Protein-coding gene in the species Homo sapiens

Sodium channel protein type 1 subunit alpha (SCN1A), is a protein which in humans is encoded by the SCN1A gene.

==Gene location==

The SCN1A gene is located on chromosome 2 of humans, and is made up of 26 exons spanning a total length of 6030 nucleotide base pairs. Alternative splicing of exon 5 gives rise to two alternate exons. SCN1A contains a poison exon within intron 20. The promoter has been identified 2.5 kilobase pairs upstream of the transcription start site, and the 5'- untranslated exons may enhance expression of the SCN1A gene in SH-SY5Y cells, a human cell line derived from a neuroblastoma.

== Function ==

The vertebrate sodium channel is a voltage-gated ion channel essential for the generation and propagation of action potentials, chiefly in nerve and muscle. Voltage-sensitive sodium channels are heteromeric complexes consisting of a large central pore-forming glycosylated alpha subunit and 2 smaller auxiliary beta subunits. Functional studies have indicated that the transmembrane alpha subunit of the brain sodium channels is sufficient for expression of functional sodium channels. Brain sodium channel alpha subunits form a gene subfamily with several structurally distinct isoforms clustering on chromosome 2q24, types I, II (Na_{v}1.2), and III (Na_{v}1.3). There are also several distinct sodium channel alpha subunit isoforms in skeletal and cardiac muscle (Na_{v}1.4 and Na_{v}1.5, respectively).

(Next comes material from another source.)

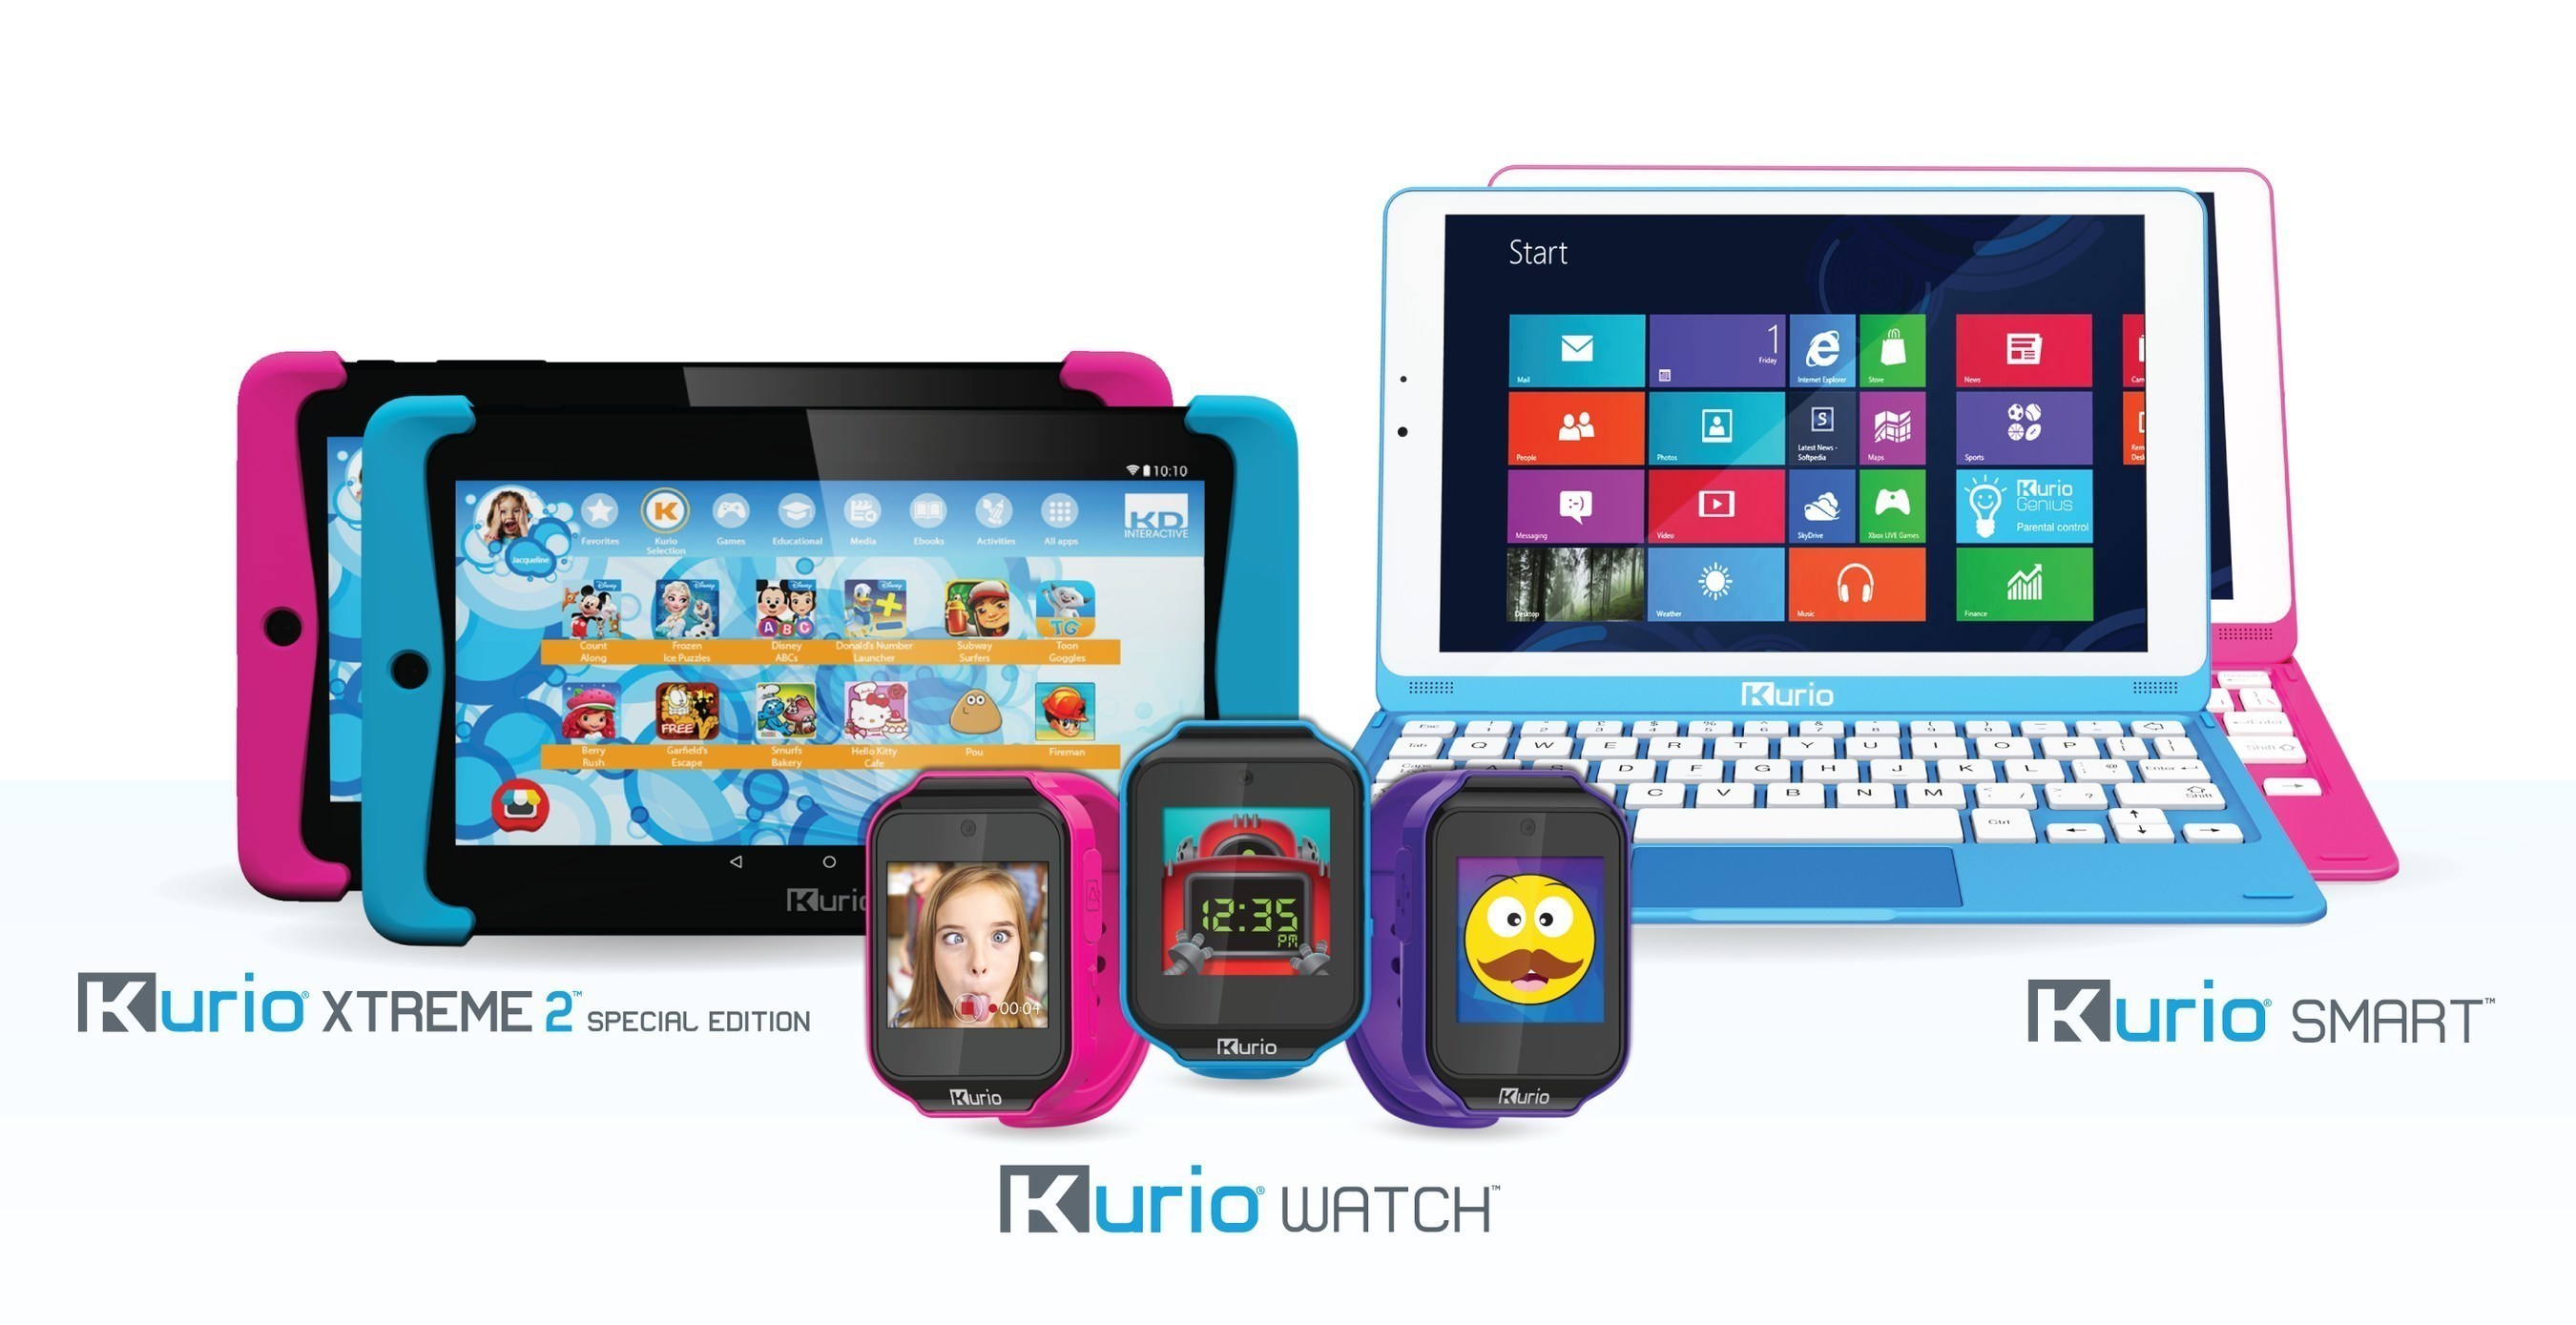 Kurio offers a range of innovative, fun and safe tech products for every gadget-obsessed kid this holiday season. (L to R) Kurio Xtreme 2 Special Edition Tablet, Kurio Watch and Kurio Smart(TM) Windows Laptop Tablet.

The SCN1A gene codes for the alpha subunit of the voltage-gated sodium ion channel making it a member of ten paralogous gene families which code for the voltage-gated sodium transmembrane proteins Na_{V}1.1. Within the family of genes which code for other portions of voltage-gated sodium channels, the SCN1A mutations were the first identified, since mutations to this gene caused epilepsy and febrile seizures. Indeed, the SCN1A gene is one of the most commonly mutated genes in the human genome associated with epilepsy, which has given it the title of a 'super culprit gene'. There are 900 distinct mutations reported for the SCN1A gene, approximately half of the reported mutations are truncations which result in no protein. The remaining half of mutations are missense mutations, which are predicted to either cause loss-of-function or gain-of-function, though very few have been tested for functionality in the lab.

Subtle differences in voltage-gated sodium ion channels can have devastating physiological effects and underlie abnormal neurological functioning. Mutations to the SCN1A gene most often result in different forms of seizure disorders, the most common forms of seizure disorders are Dravet Syndrome (DS), Intractable childhood epilepsy with generalized tonic-clonic seizures (ICEGTC), and severe myoclonic epilepsy borderline (SMEB). Clinically, 70-80% of patients with DS have identified mutations specific to the SCN1A gene, which are caused by de novo heterozygous mutations of the SCN1A gene. There are currently two databases on SCN1A mutations.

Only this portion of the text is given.